Practical Evaluation Checklist
- [ ] I have a maintained OpenAPI 3.x spec for the API I want exposed
- [ ] All operations have clear summaries and parameter descriptions (these become tool descriptions for the model)
- [ ] Authentication to the underlying API uses a scheme liblab’s runtime can broker (OAuth2, API key, bearer)
- [ ] I have decided whether to use the hosted runtime or self-host
- [ ] I have wired the connection URL into at least one MCP-aware client and confirmed a tool call round-trips
- [ ] I have a regeneration step in CI for when the spec changes
Security Notes
- Treat the MCP server URL as a secret — anyone with it can call the wrapped API as the configured identity
- Audit which operations you expose; an overly broad spec becomes a broad attack surface via natural-language injection
- For self-hosted deployments, keep the generated server on a private network and front it with your own auth if needed
- liblab’s hosted runtime logs requests for debugging; check their retention policy if your API handles regulated data
FAQ
Q: Does liblab MCP Generator work with any OpenAPI spec? A: It targets OpenAPI 3.x. Swagger 2.0 specs need to be converted first using a tool like swagger2openapi.
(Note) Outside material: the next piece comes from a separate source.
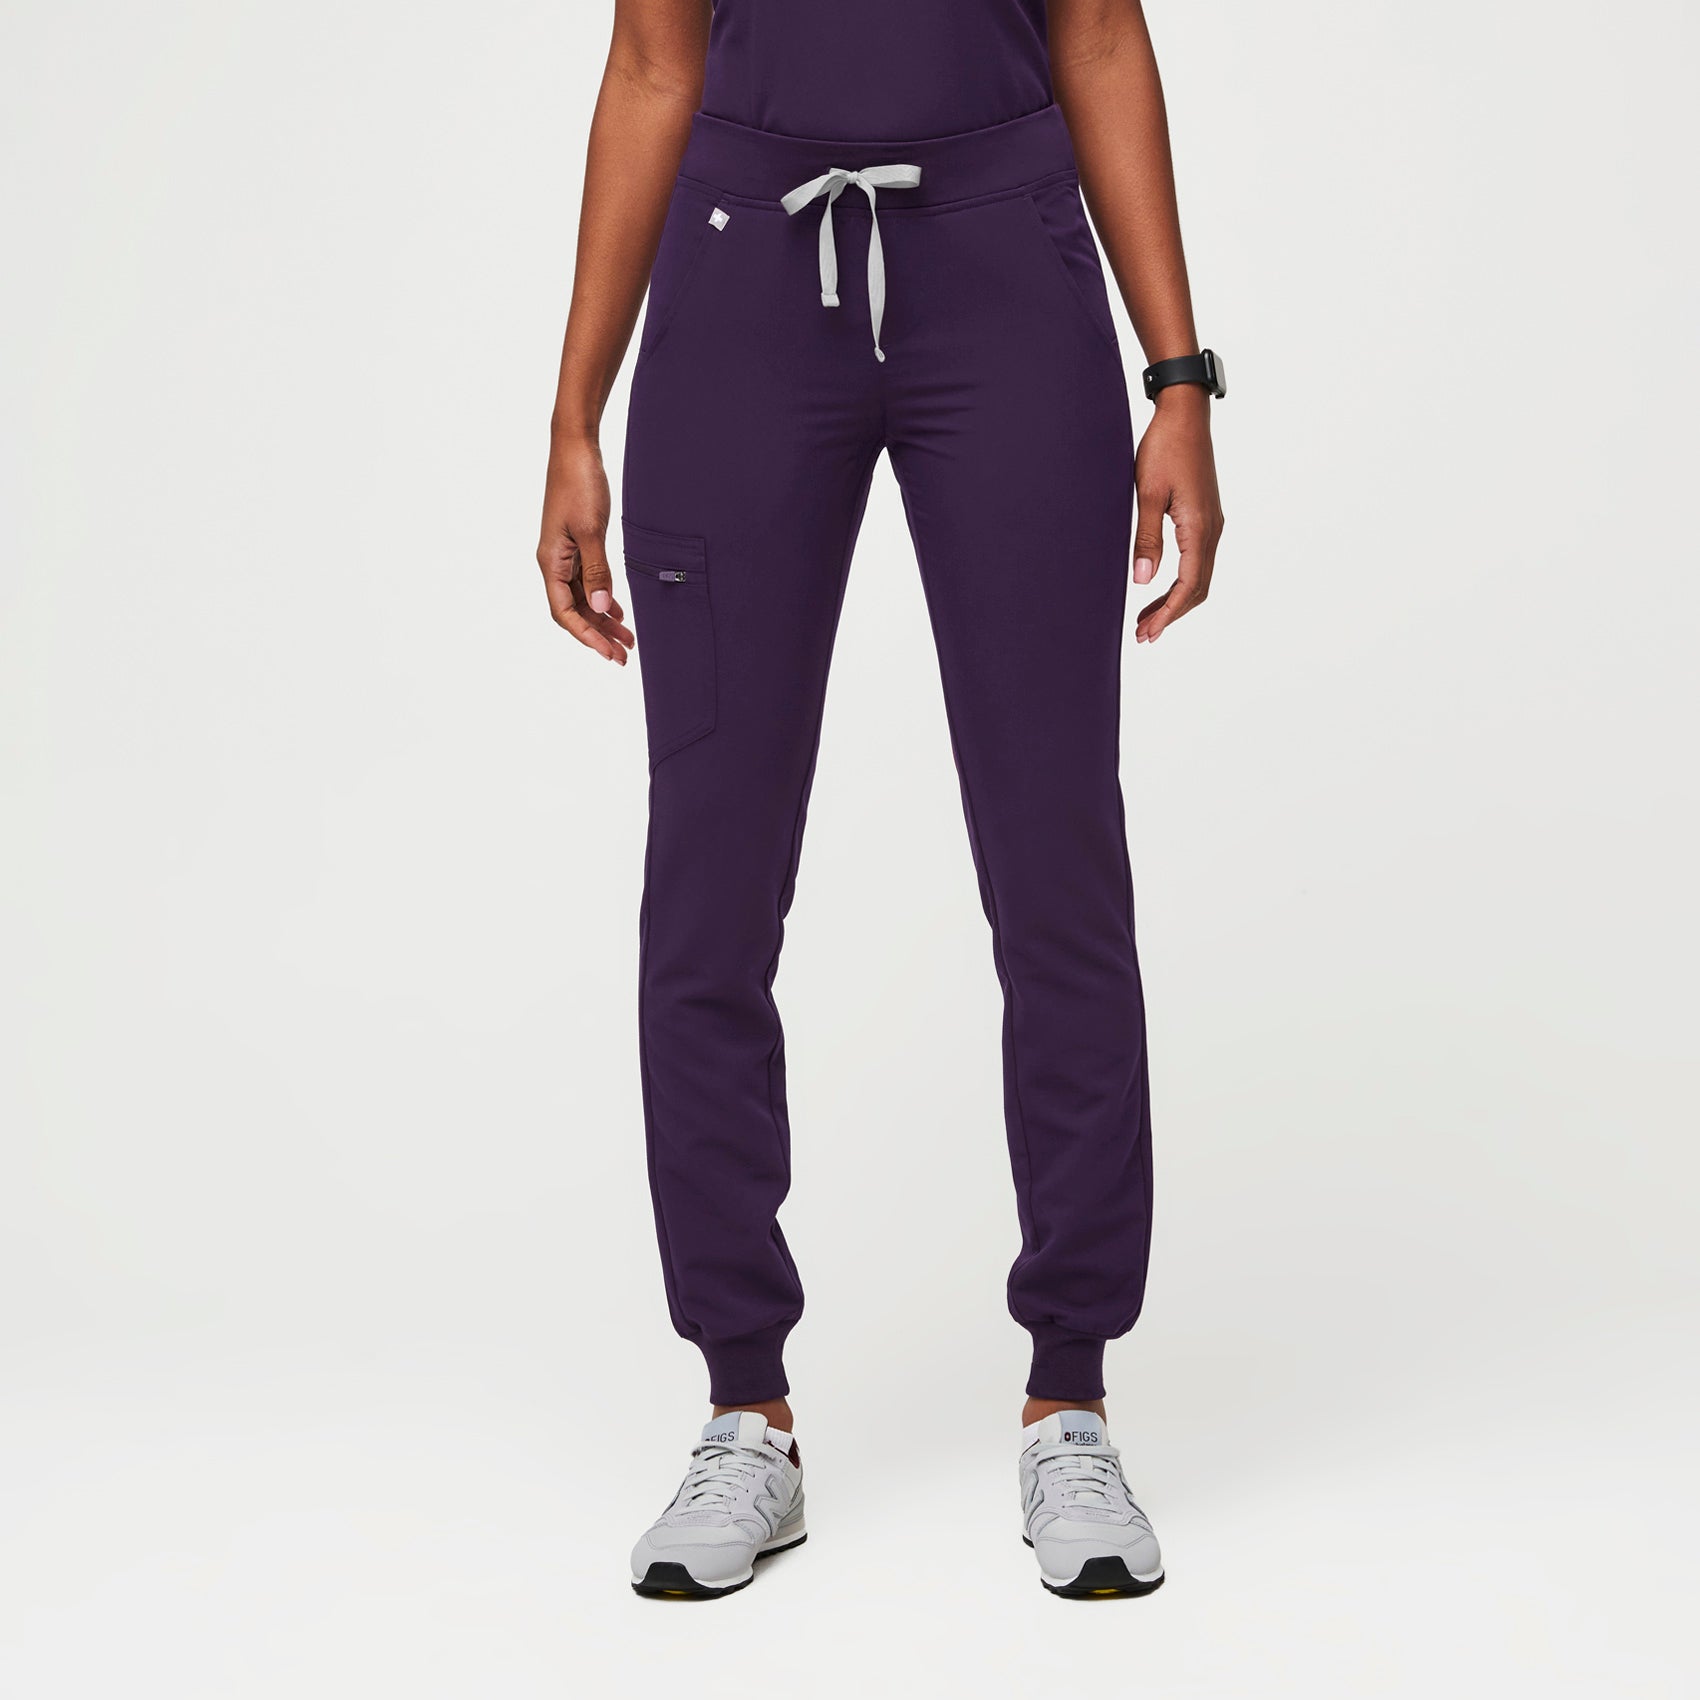 Pantalón deportivo de uniforme médico Zamora™ para mujer - Jam púrpura ·  FIGS

Very large or circular specs may need pruning before the generator accepts them.
Q: Can I edit the generated MCP server’s code? A: The hosted runtime is regenerated from your spec on every change, so manual edits would be overwritten. For custom logic, download the self-hosted version and modify the source — but you then own the regeneration story.
Q: How does this compare to FastMCP or building one by hand? A: FastMCP and similar libraries are the right answer if you want fine control and enjoy writing the server. liblab is the right answer if you already have a spec and want a deployed MCP server today with zero boilerplate. The trade-off is flexibility versus time-to-running.
Q: Will the model actually use my tools correctly? A: It depends more on your spec quality than on liblab. Operations with clear summaries, named parameters, and example values become tools the model picks well. Vague operations become tools the model misuses. Invest in the spec.
Q: Can I expose the same MCP server to multiple clients at once? A: Yes. The hosted endpoint is just an HTTPS URL; any MCP-aware client (Claude Desktop, Cursor, Continue, custom agents) can connect to it concurrently. There is no per-client server.
Q: What happens to my data? A: The hosted runtime proxies API calls and holds them in transit logs. Your data does not train any model. For sensitive workloads, run the self-hosted build.
Conclusion
If you already keep an OpenAPI spec, liblab MCP Generator is the fastest path from “I have an API” to “Claude and Cursor can call my API.” The 30-second deploy is real, the regeneration story solves the maintenance pain, and the hosted runtime removes the operational lift. For prototypes and internal tools it is a clear win; for regulated or high-volume production workloads, the self-hosted download keeps you in control of the request path.